Mi ricordo che una voltaavrò avuto 14 annisi passeggiava insieme e domandai al babbo: «Ma, babbo, come si fa a sapere se una cosa è buona o cattiva? Se una cosa è bene o male?». E lui mi disse: «Guarda, se scegli la cosa che costa di più, probabilmente è quella buona».

ENRICO CHIAVACCI

Questa testimonianza autobiografica è raccontata da un noto teo­logo moralista fiorentino, Enrico Chiavacci, nel libro-intervista II cammino della morale (2005). Il padre, professore universitario di estrazione «laica», dà al figlio una sorta di stella polare morale che precede ogni distinzione più accurata: il bene esige serietà, impe­gno, costanza, fatica e talora anche lotta contro se stessi.
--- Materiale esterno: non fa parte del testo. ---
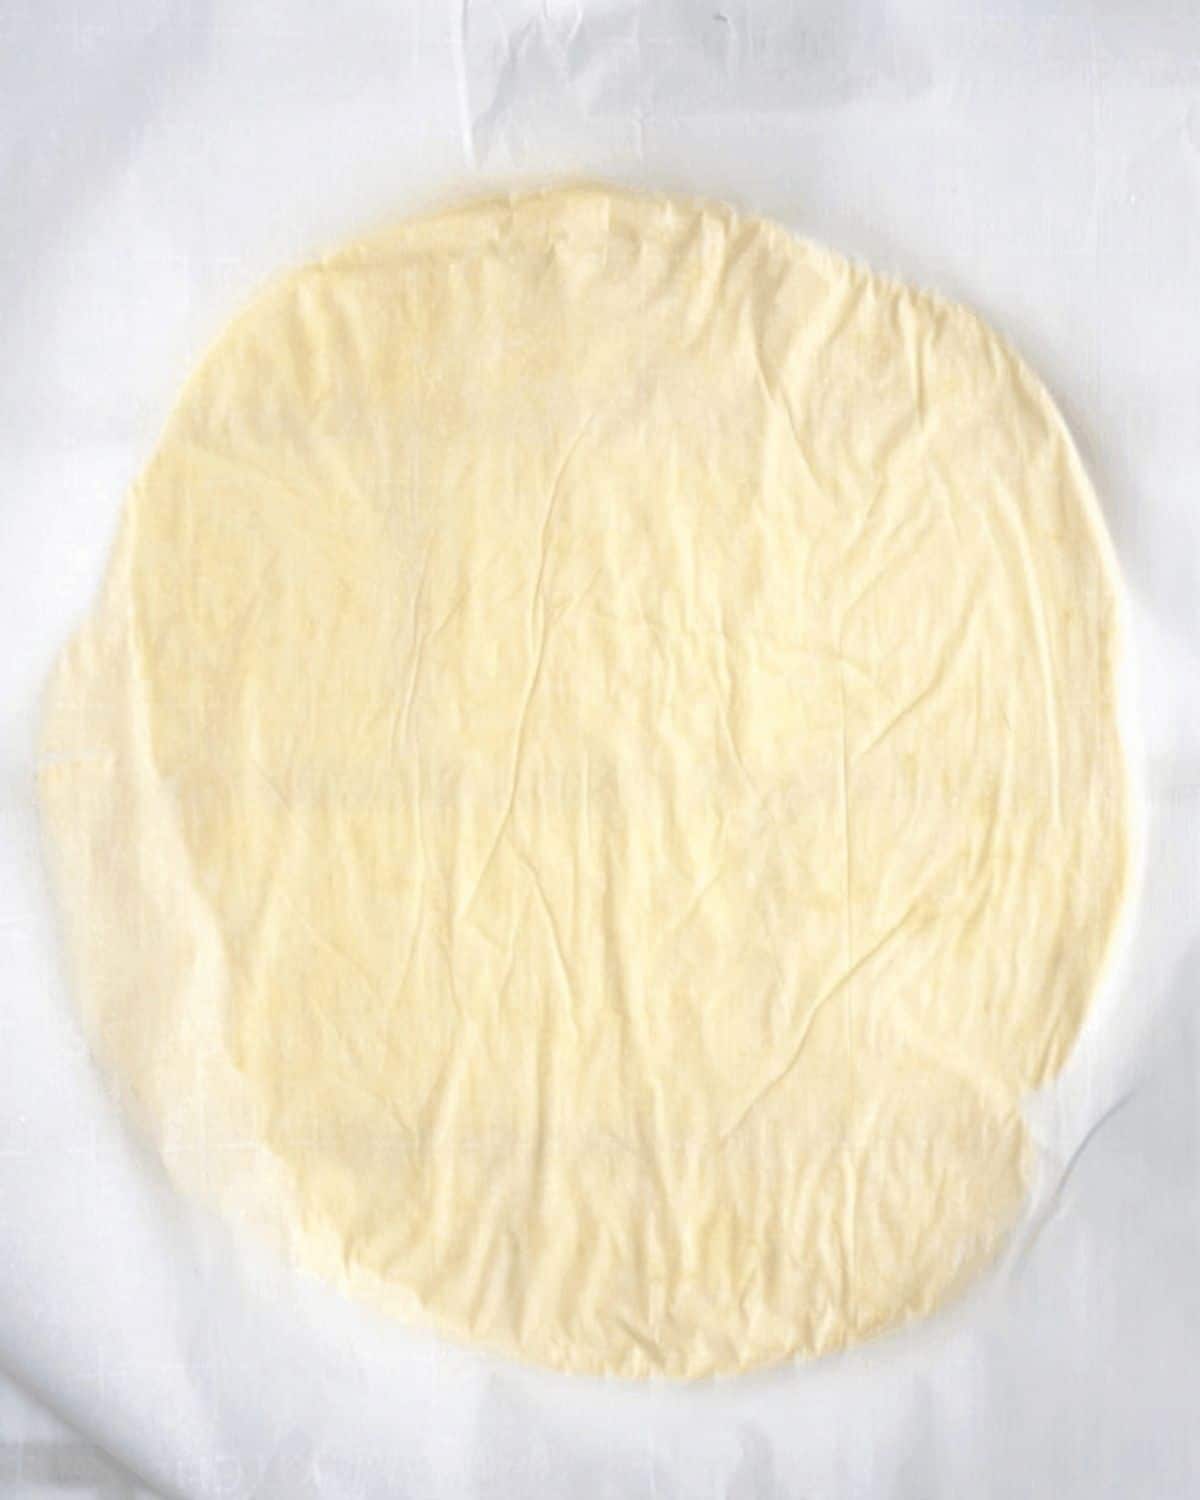 The dough rolled out into an 8-inch wide circle in between two pieces of parchment paper.

È una lezio­ne, certo, semplice ma del tutto necessaria ai nostri giorni, quando si è corrivi nell’educare, si è pronti a concedere e a scusare sempre, si ama la via più larga del tutto e subito.
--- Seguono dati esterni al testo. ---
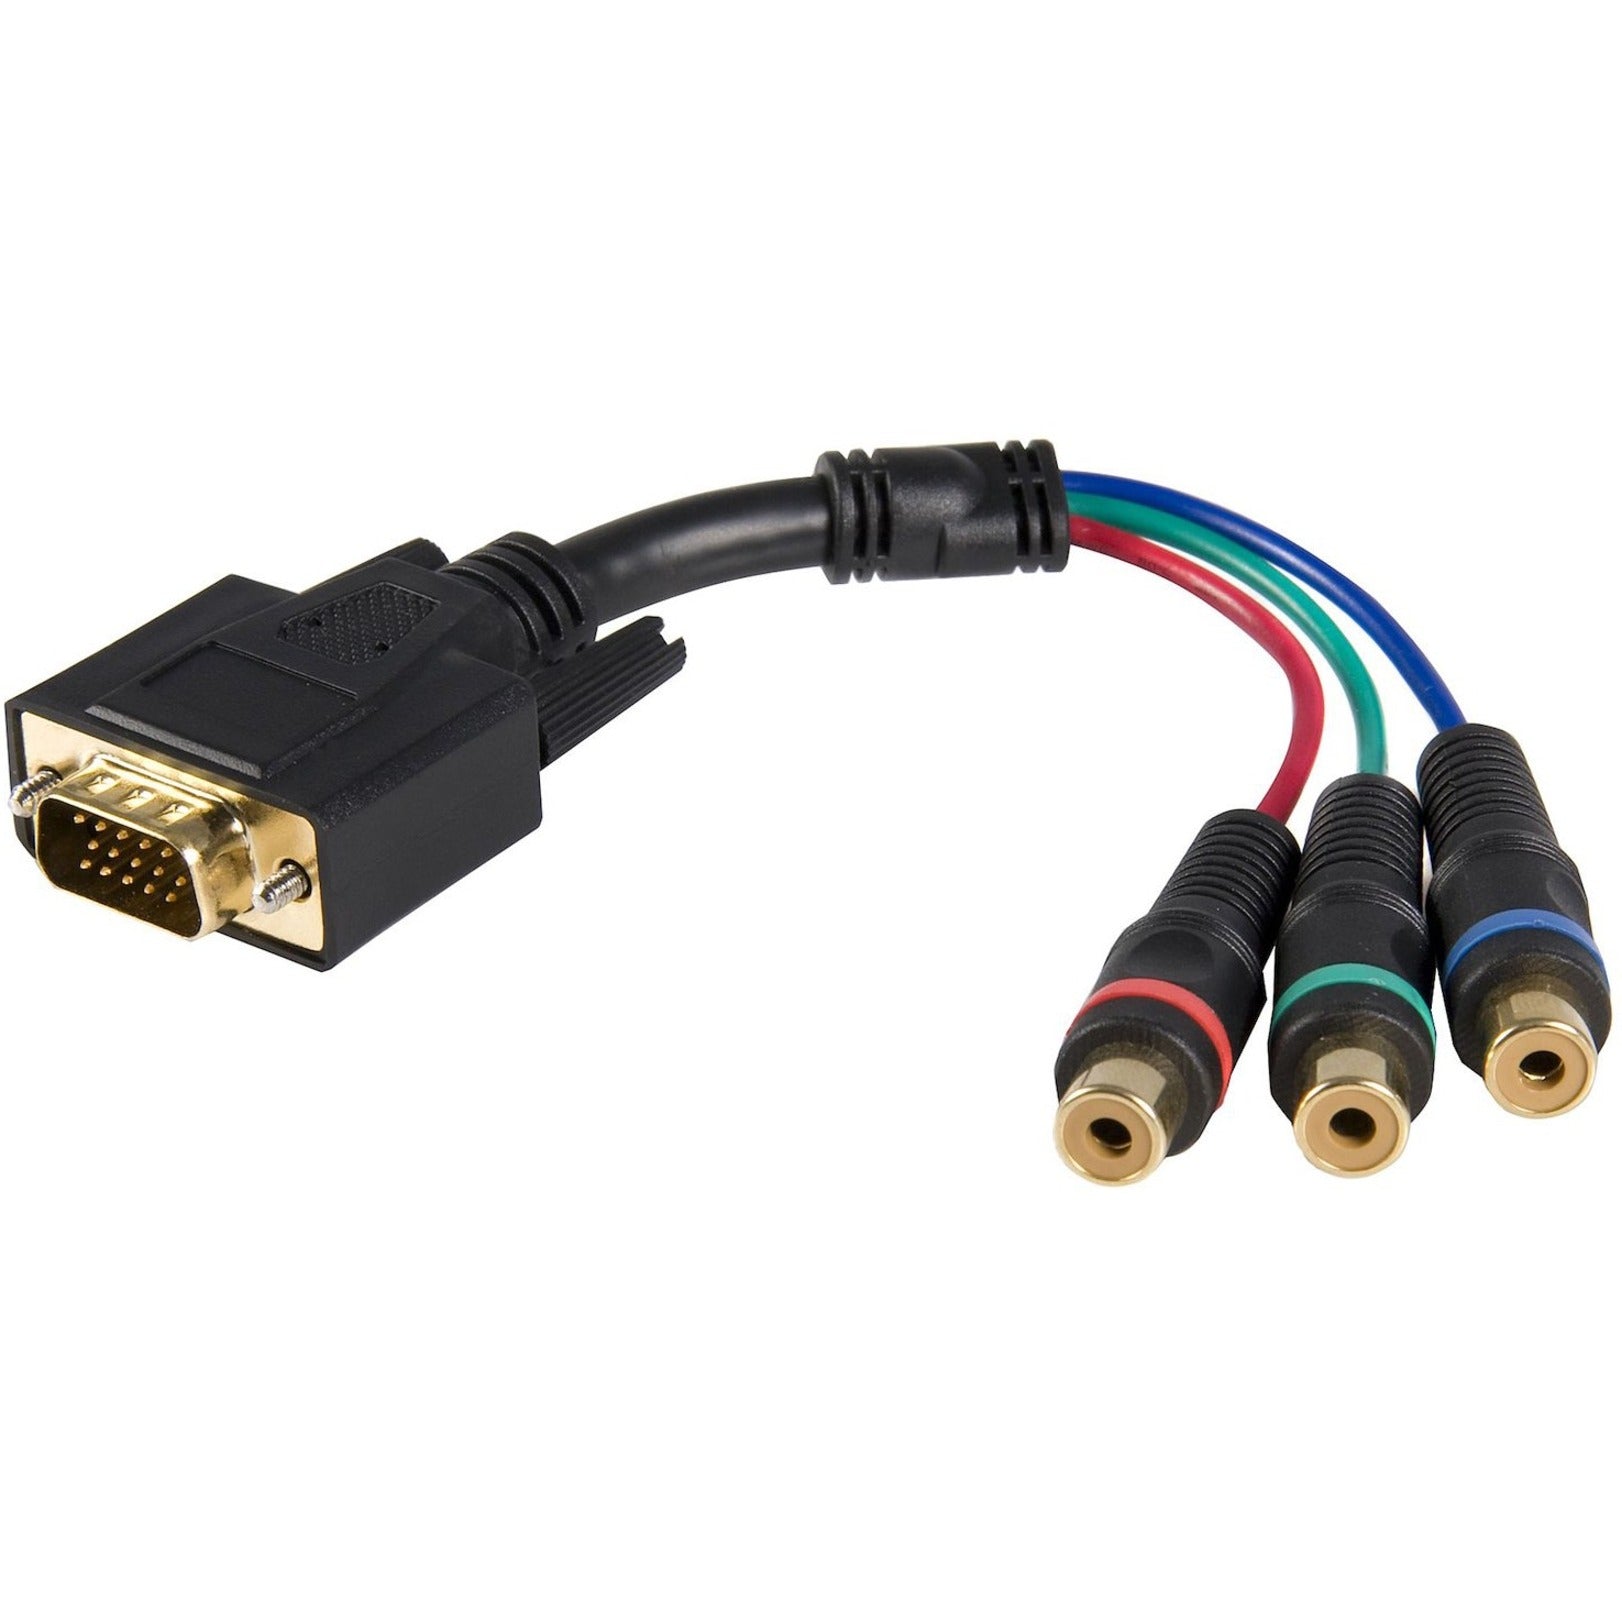 StarTech.com HD15CPNTMF HD15 to Component RCA Breakout Cable Adapter - M/F, Connect VGA to RCA Video

In questa luce è diventato vero quello che scriveva il poeta Vin­cenzo Cardarelli (1887-1959): «Il bene è l’infrazione, il male è norma / nella nostra esistenza». È paradossale, ma ciò che dovrebbe essere per eccellenza violazione, eccezione, infrazione non è più il male, che è accettato pacificamente e comodamente, ma il bene, che rima­ne solitario e controcorrente.

È facile, allora, lasciarsi andare, giungendo fino al punto di stravolgere i valori, chiamando bene e giusto ciò che è solo facile e piacevole, gustoso e agevole. Già Isaia ammo­niva coloro che «chiamano bene il male e male il bene, che scambia­no le tenebre in luce e la luce in tenebre, l’amaro in dolce e il dolce in amaro» (5,20). È la via della perversione e dell’assenza di rimorso, come già osservava Leopardi (1798-1837) nel suo Zibaldone: «Io non chiamo malvagio propriamente colui che pecca, ma colui che pecca o peccherebbe senza rimorso».